Jupyter provides a graphical environment where code can be run. This means that plots can be embedded directly into the environment. I find that 90% of the time I use Jupyter it is to make a figure or to quickly look at some plot. Recall, this is all an argument about friction, you certainly can write the following code in a script (plot.py)

import matplotlib.pyplot as plt
import numpy as np

x = np.linspace(-2*np.pi, 2*np.pi, 100)
y = np.sin(x)
plt.plot(x, y)
plt.show()

Then from the shell

$ python plot.py

However, this simply involves more steps than it would in Jupyter (under one assumption, that Jupyter is running, which I will get into latter). You have to open a file, type out the code, run the script, then close the window. Moreover, once you close the window the plot is gone. Now you could savefig; however, in that case you then have to separately open the plot every time you want to look at it. In Jupyter similar code may look like:

Now, by pure code amount this is basically the same (modulo plt.show()/plt.savefig()); however, you do not have to close the figure nor do you have to open a file with the figure within it.
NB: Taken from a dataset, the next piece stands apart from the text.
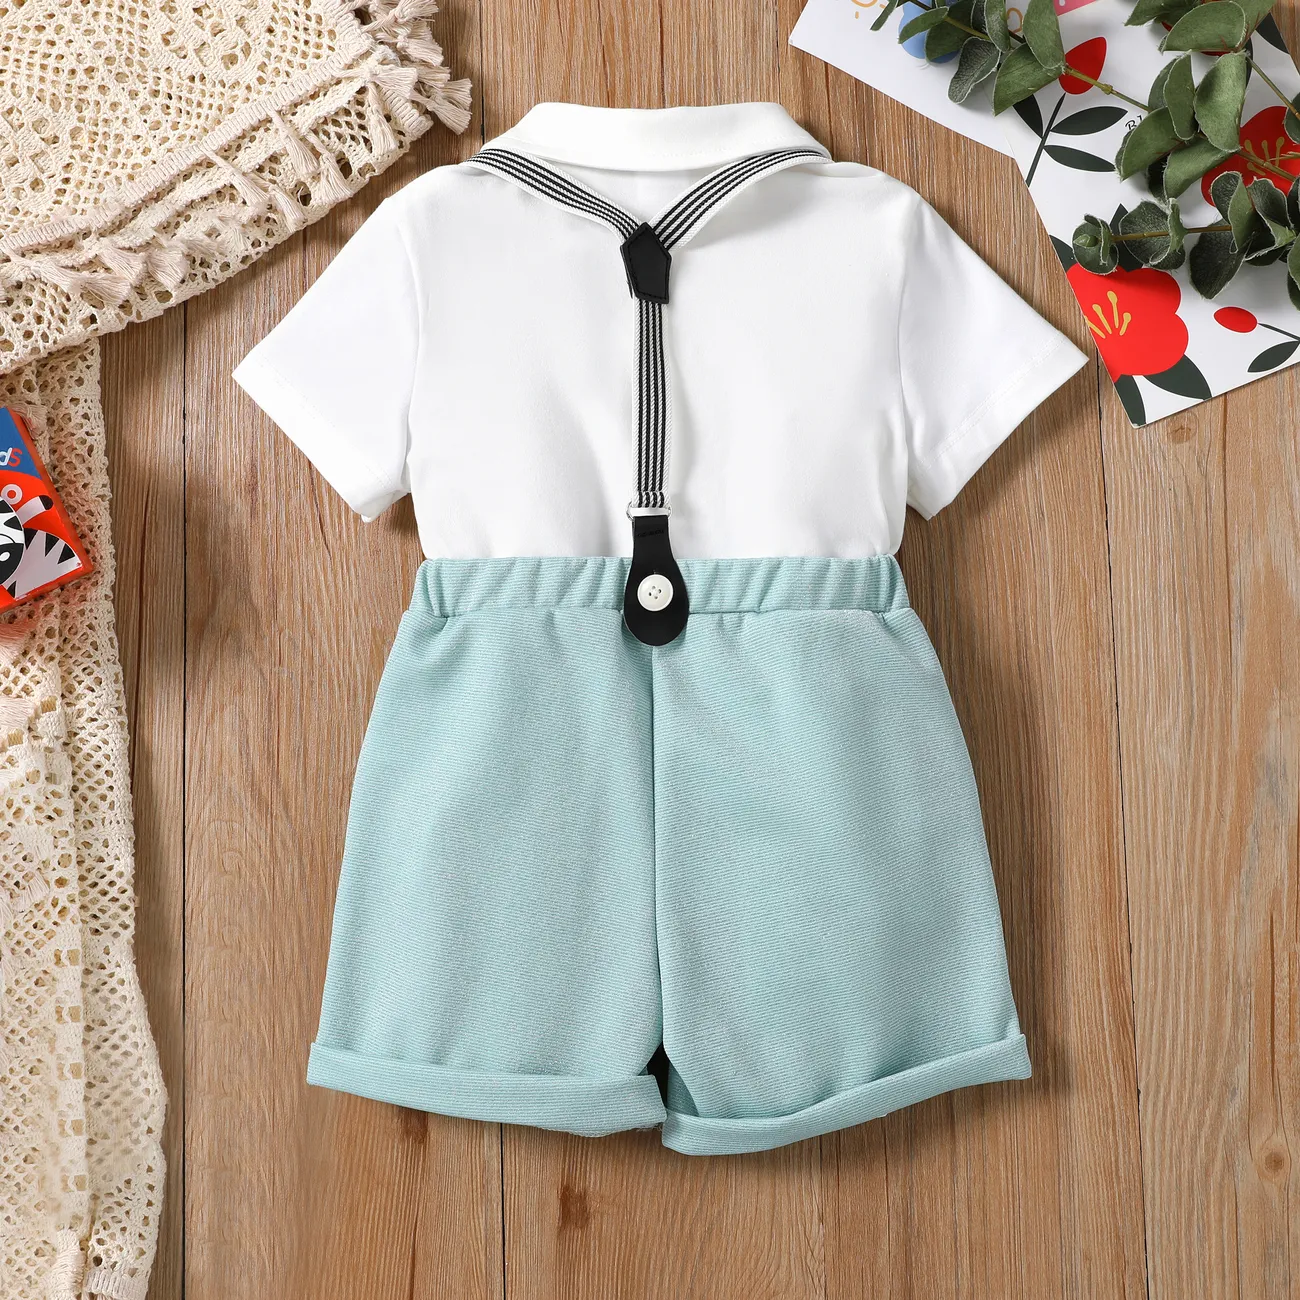 Toddler Boy 3pcs Bowknot Shirt and Shorts with Detachable Strap Set Blue big image 1
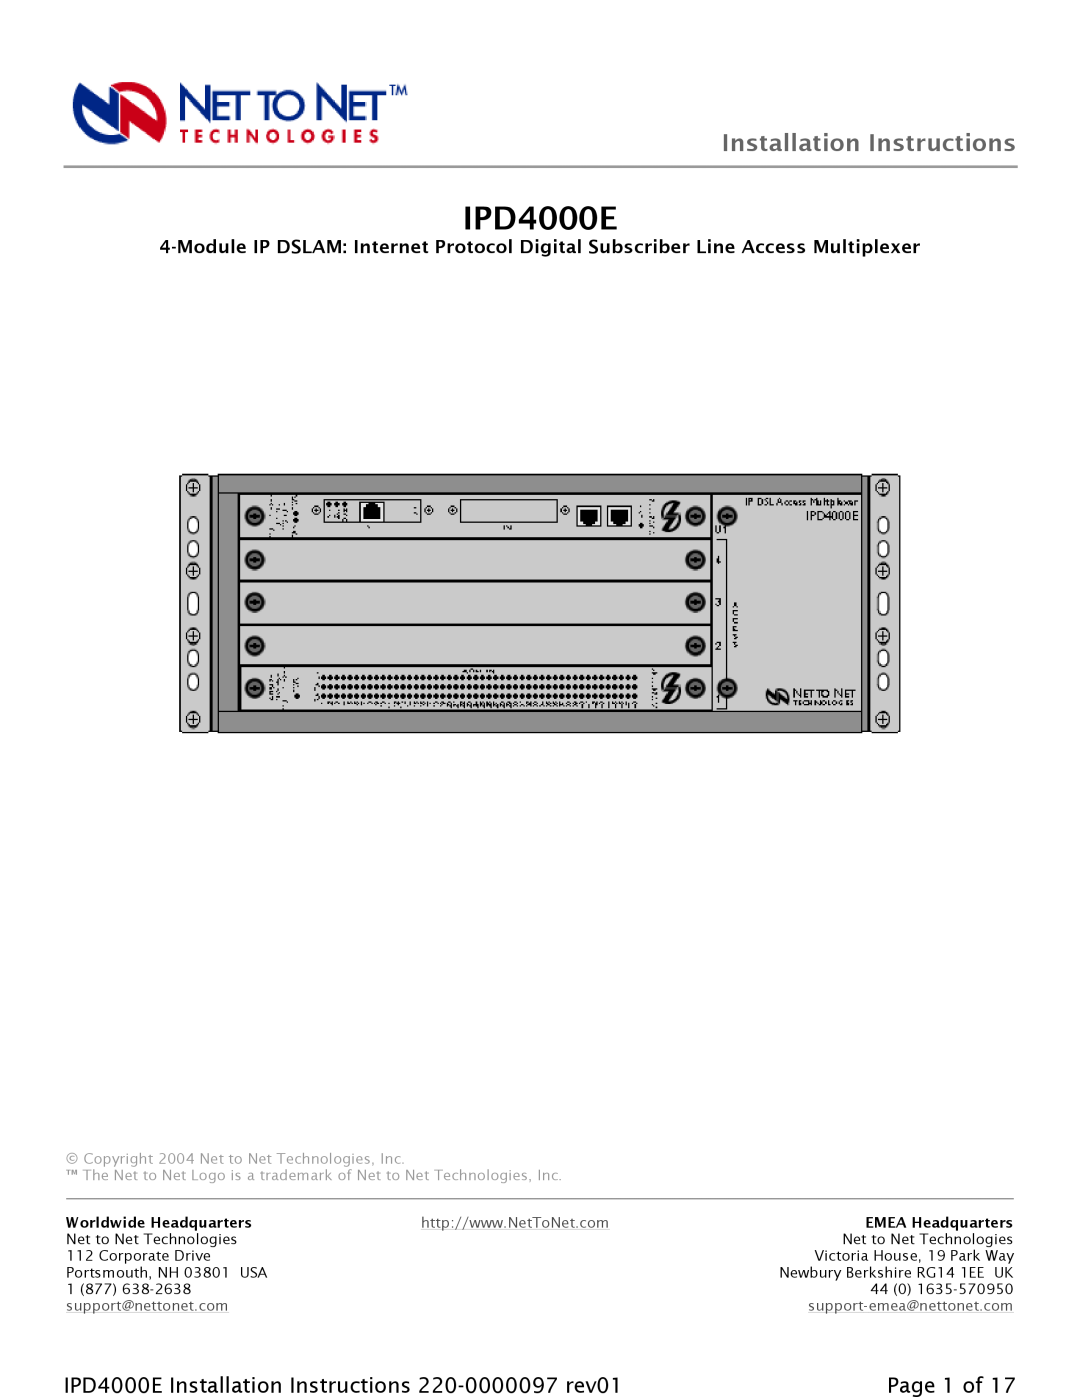 Paradyne IPD4000E installation instructions Installation Instructions, Copyright 2004 Net to Net Technologies, Inc

More importantly, the figure is persistent, it will be there whenever you open the notebook in the future, and you can plot more stuff in the same notebook while still seeing all the previously generated figures. This is incredibly helpful if you want to investigate how changing parts of your analysis affect figures.

The general takeaway in this section is simple: I have found that, in general, using Jupyter for figure generation reduces friction in enough small ways that overall it saves me dramatic amounts of time.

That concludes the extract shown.